Сейчас бы к ней. А не вот это всё. Лечь в кровать сзади. Прижать к себе, тёплую и сонную, уткнуться носом в затылок и уснуть, вдыхая вкусный запах её волос. И не думать о плохом. Как будто ничего не было.
Так, хорош. Прикрываю веки, хочу выгнать её образ из себя. Ловлю вертолёты, цепляюсь пальцами за стойку.
Кажется, пора уходить. Достаю из кармана банковскую карту. Показываю бармену на терминал, чтоб расплатиться. Тот кивает, быстро нажимает на кнопки и протягивает его мне. Не сразу получается прислонить правильно. Наконец, чек с тихим треском вылезает из терминала.
— О, а я её знаю, — сквозь шум в ушах прорезывается голос моей сегодняшней собутыльницы.
Сосредоточенно прищурившись, она рассматривает фото Лариски на заставке моего телефона.
— Это Зинка, что ли? Мы с ней бухали здесь пару раз.
Резко выныриваю из своей алкокомы. Девичья фамилия жены Зиновьева, да, это точно она.
— Когда?
— Не помню, недели две назад.
Две недели? А почему нет… Мы с отцом уезжали в выходные на рыбалку как раз.
Спускаюсь со стула, беру за талию и снимаю вниз девчонку. Ставлю напротив себя.
— А с кем из мужиков она крутит, не знаешь?
— Знаю, — торжественно отвечает та, покачнувшись, — только с тем, кто понравится. Вот как ты мне. Больше ни с кем.
Девчонка категорично взмахивает рукой, задевает моё ухо, ойкает и цепляется за мою одежду, пытаясь притянуть к себе:
— Ой, больно? Прости, дай поцелую, — выпячивает губы для поцелуя.
Изо рта у неё несёт, как из помойки, зубы, наверное, неделю не чистила. Сглатываю рвотный позыв. Закрываю её невнятно бормочущий рот своей ладонью, отдаляю от себя, пытаясь переварить, что услышал.

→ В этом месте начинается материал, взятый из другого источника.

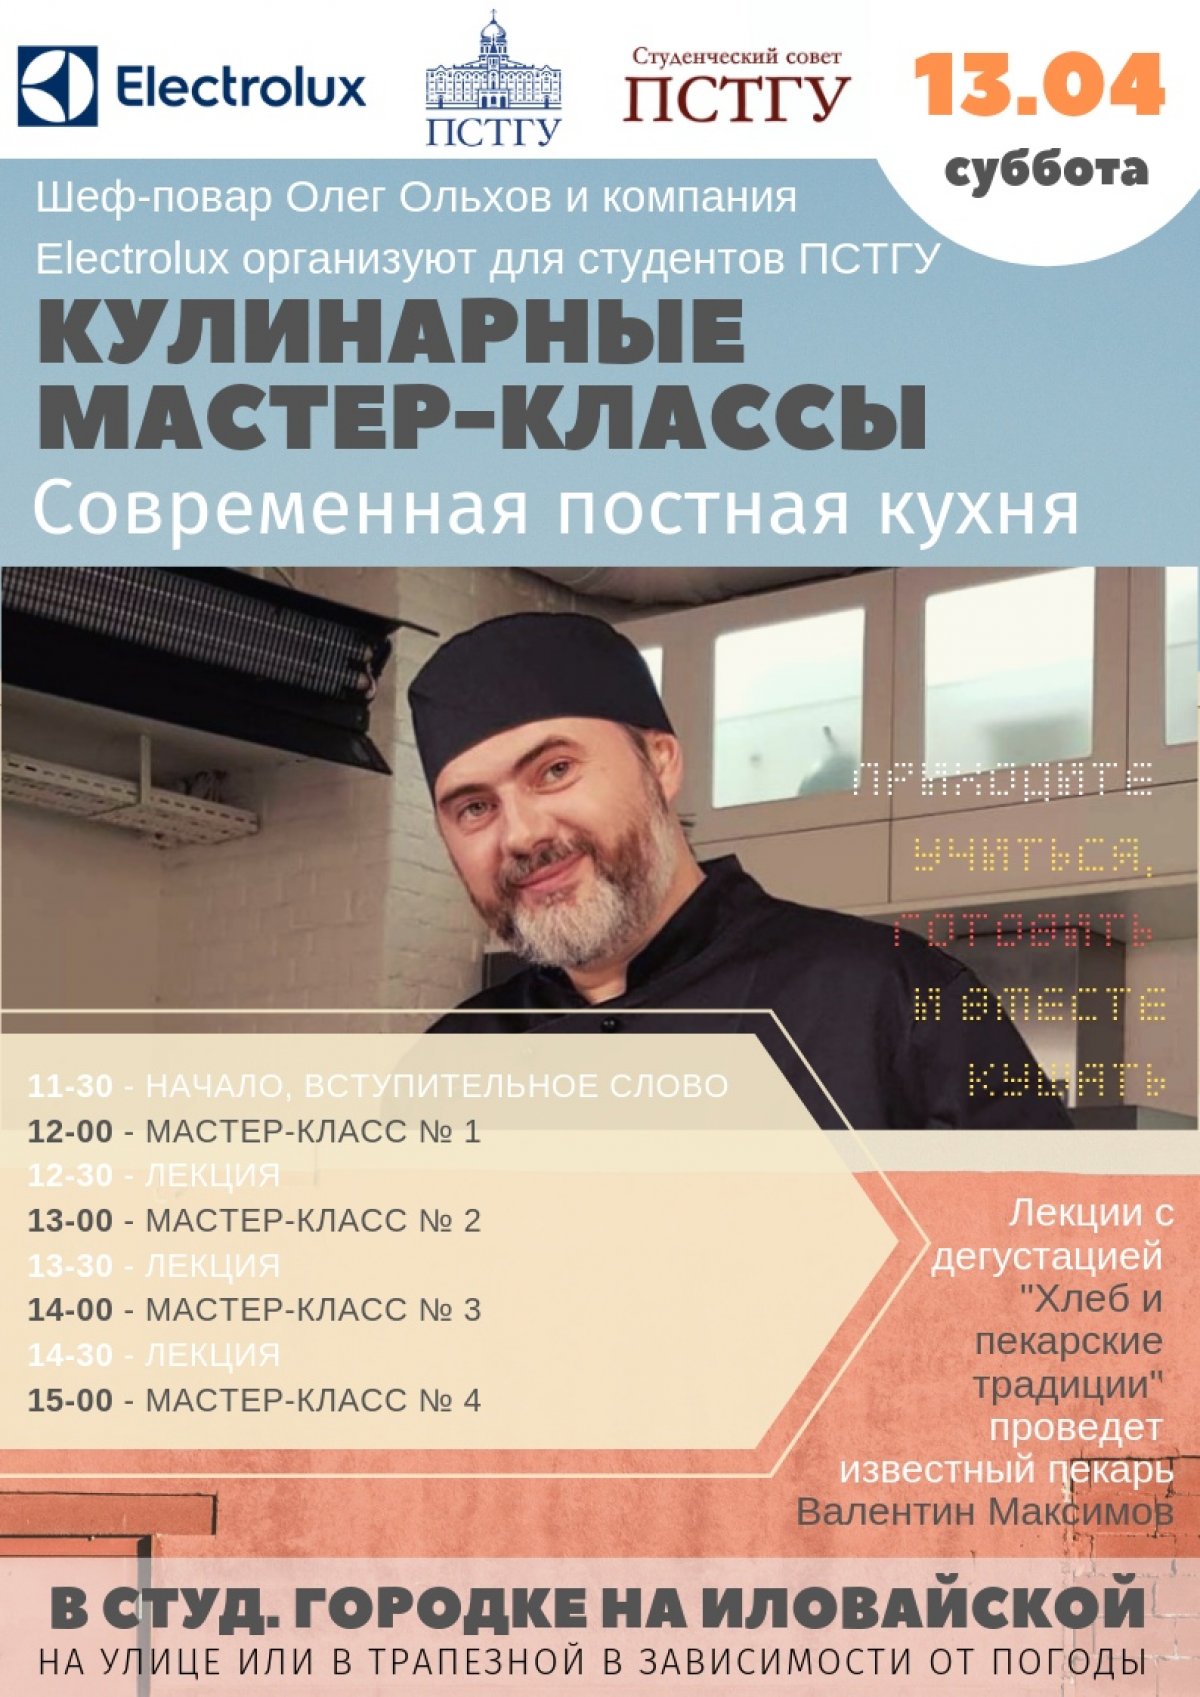 Уже завтра, в субботу 13 апреля в трапезной студенческого городка на Иловайской состоится мастер-класс по постной кухне. Его для нас проведет православный шеф-повар Олег Ольхов.

И, когда до меня доходит, в одну секунду вскипаю. Сердце и так колотилось быстро, а сейчас надрывается, что дышать невозможно. Изнутри поднимается волна ярости. Бешено оглядываюсь по сторонам.
Значит, моя жена не со зла тогда заявила, что дочь мне не родная. Она сказала, что кого-то подцепила «в твоём любимом баре», изменила мне тогда, больше трёх лет назад. И продолжает бывать здесь. Сидит за этими столиками, каким-то придуркам улыбается. И даже…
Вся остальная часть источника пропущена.